▸ Source data:

--------------------------------------------------

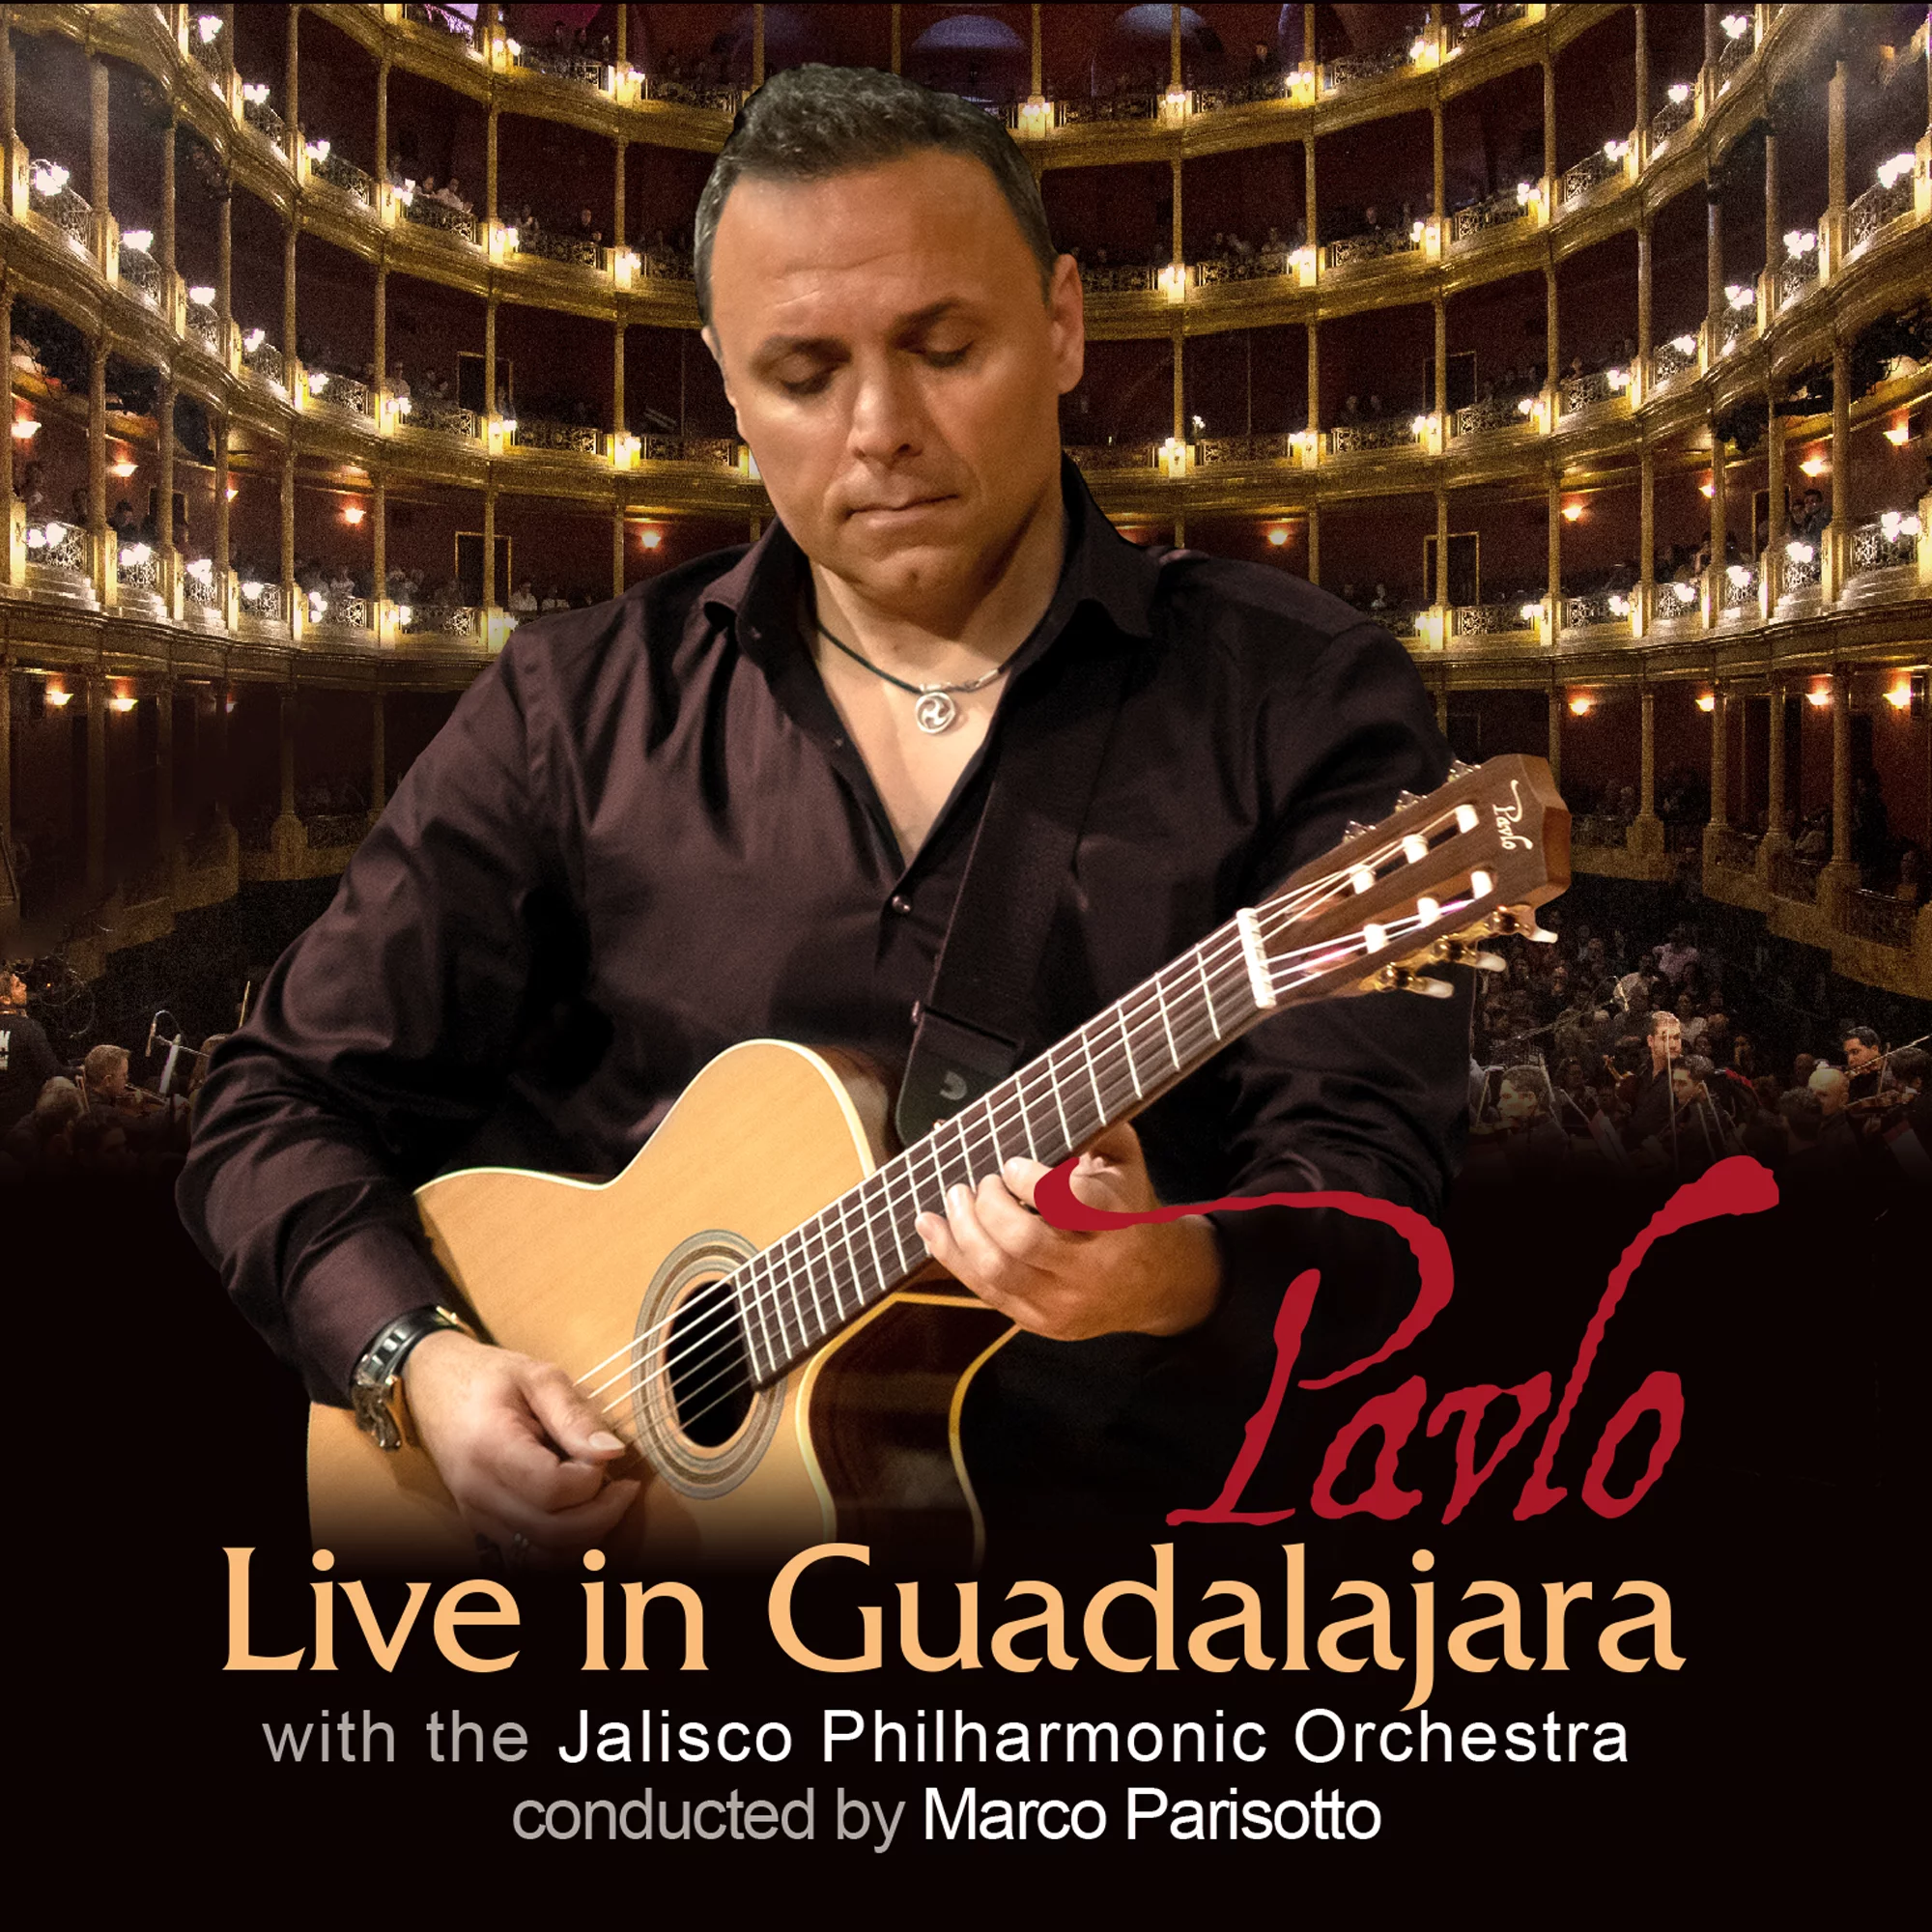 New CD & DVD “Live in Guadalajara w/ Jalisco Philharmonic Orchestra
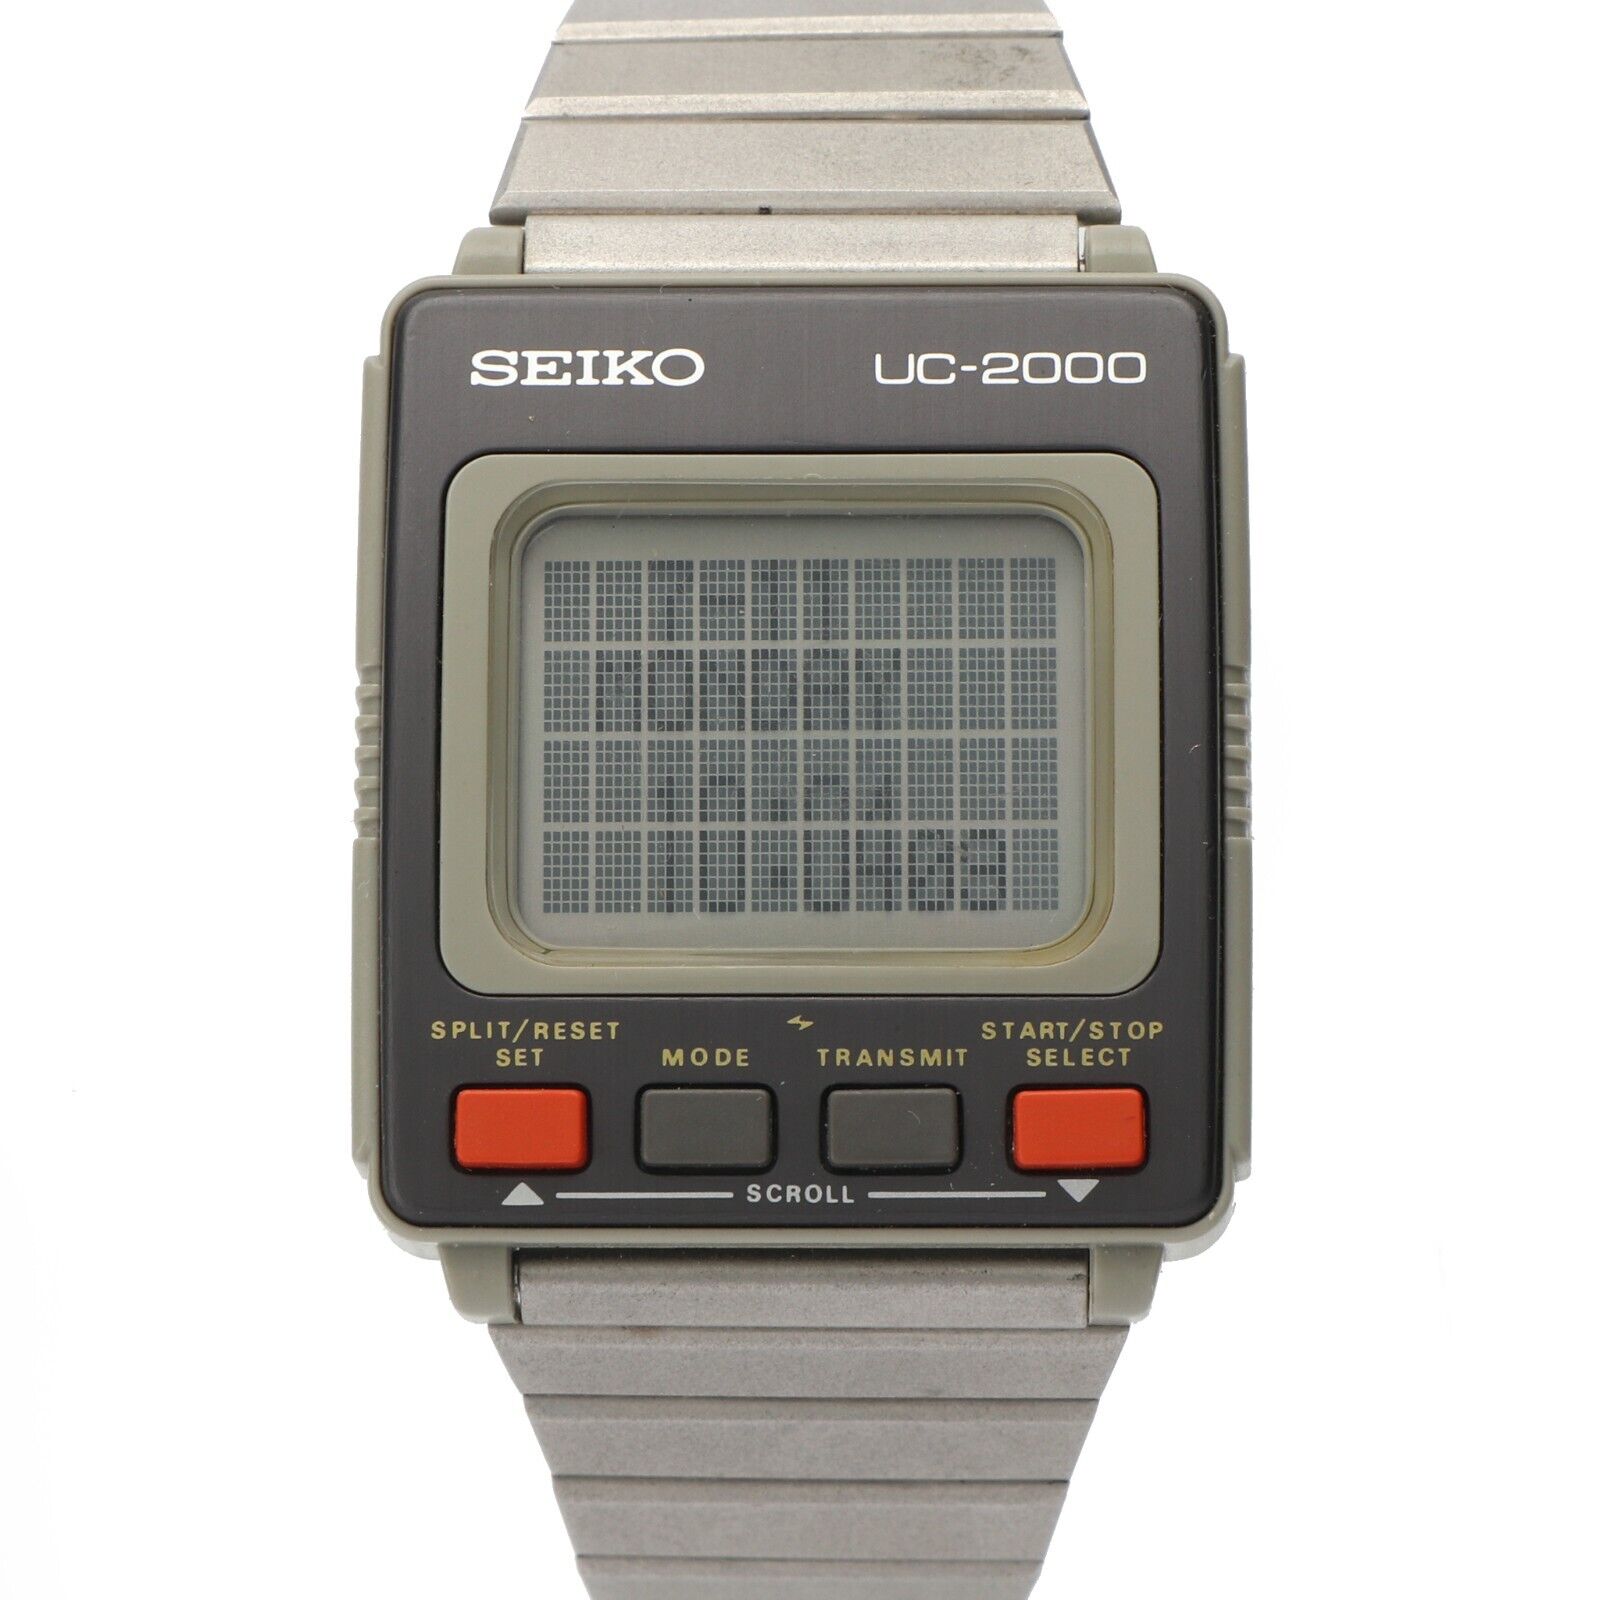 Seiko UC-2000 Market Price | WatchCharts
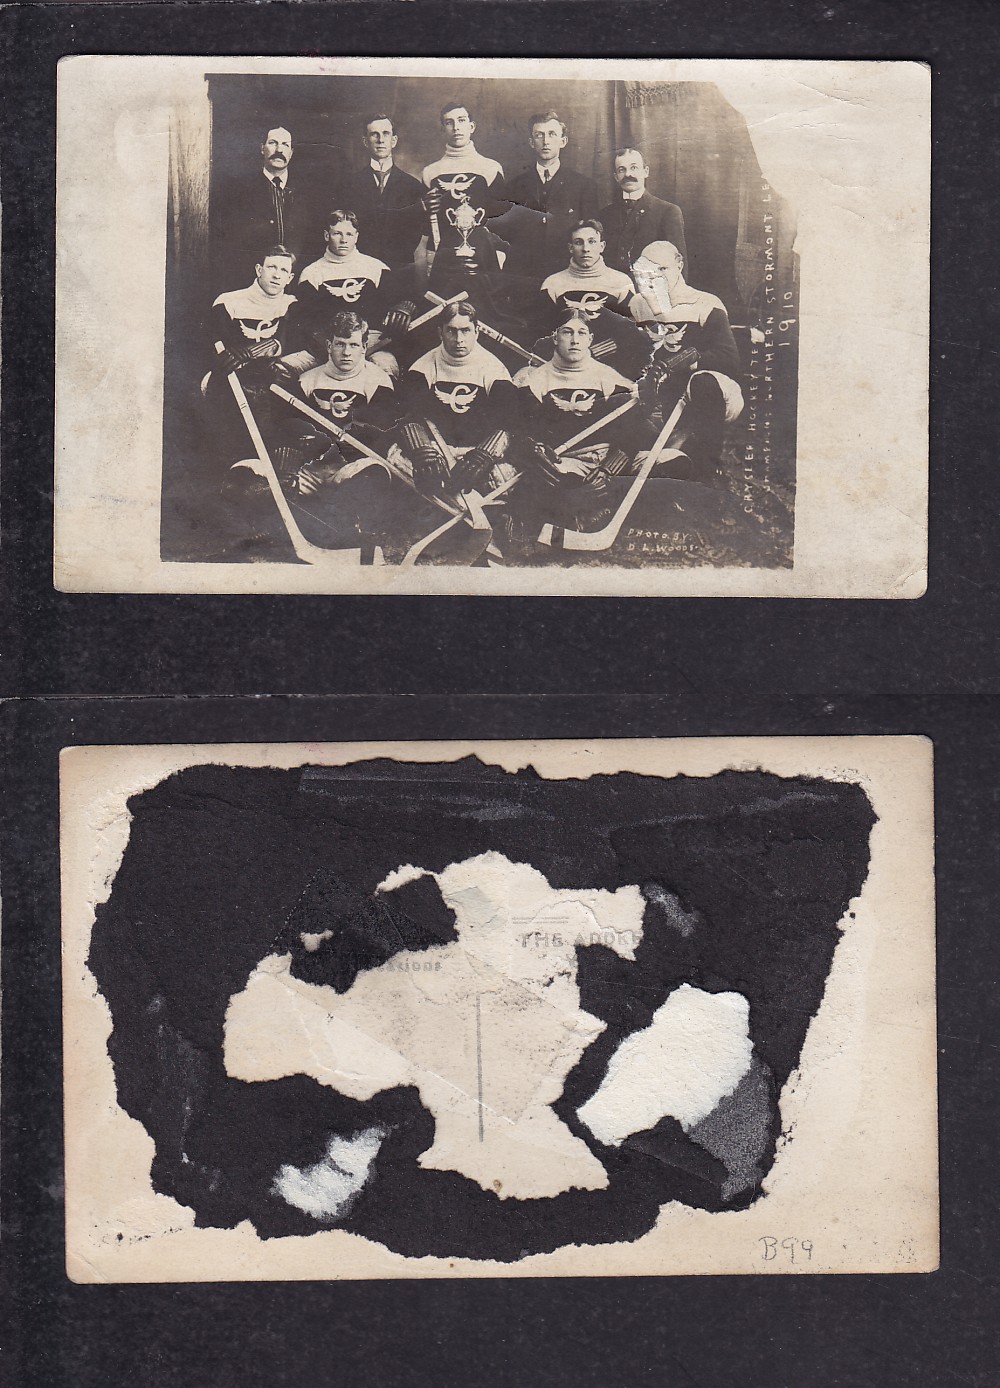 1910 HOCKEY TEAM POST CARD photo

--------------------------------------------------

▸ Exercise:
Everything from the line that contains "Seiko UC-2000 Market Price | WatchCharts" through the final line of the material should be returned exactly, except the pictures.

▸ Result of the task:
 Seiko UC-2000 Market Price | WatchCharts
 1910 HOCKEY TEAM POST CARD photo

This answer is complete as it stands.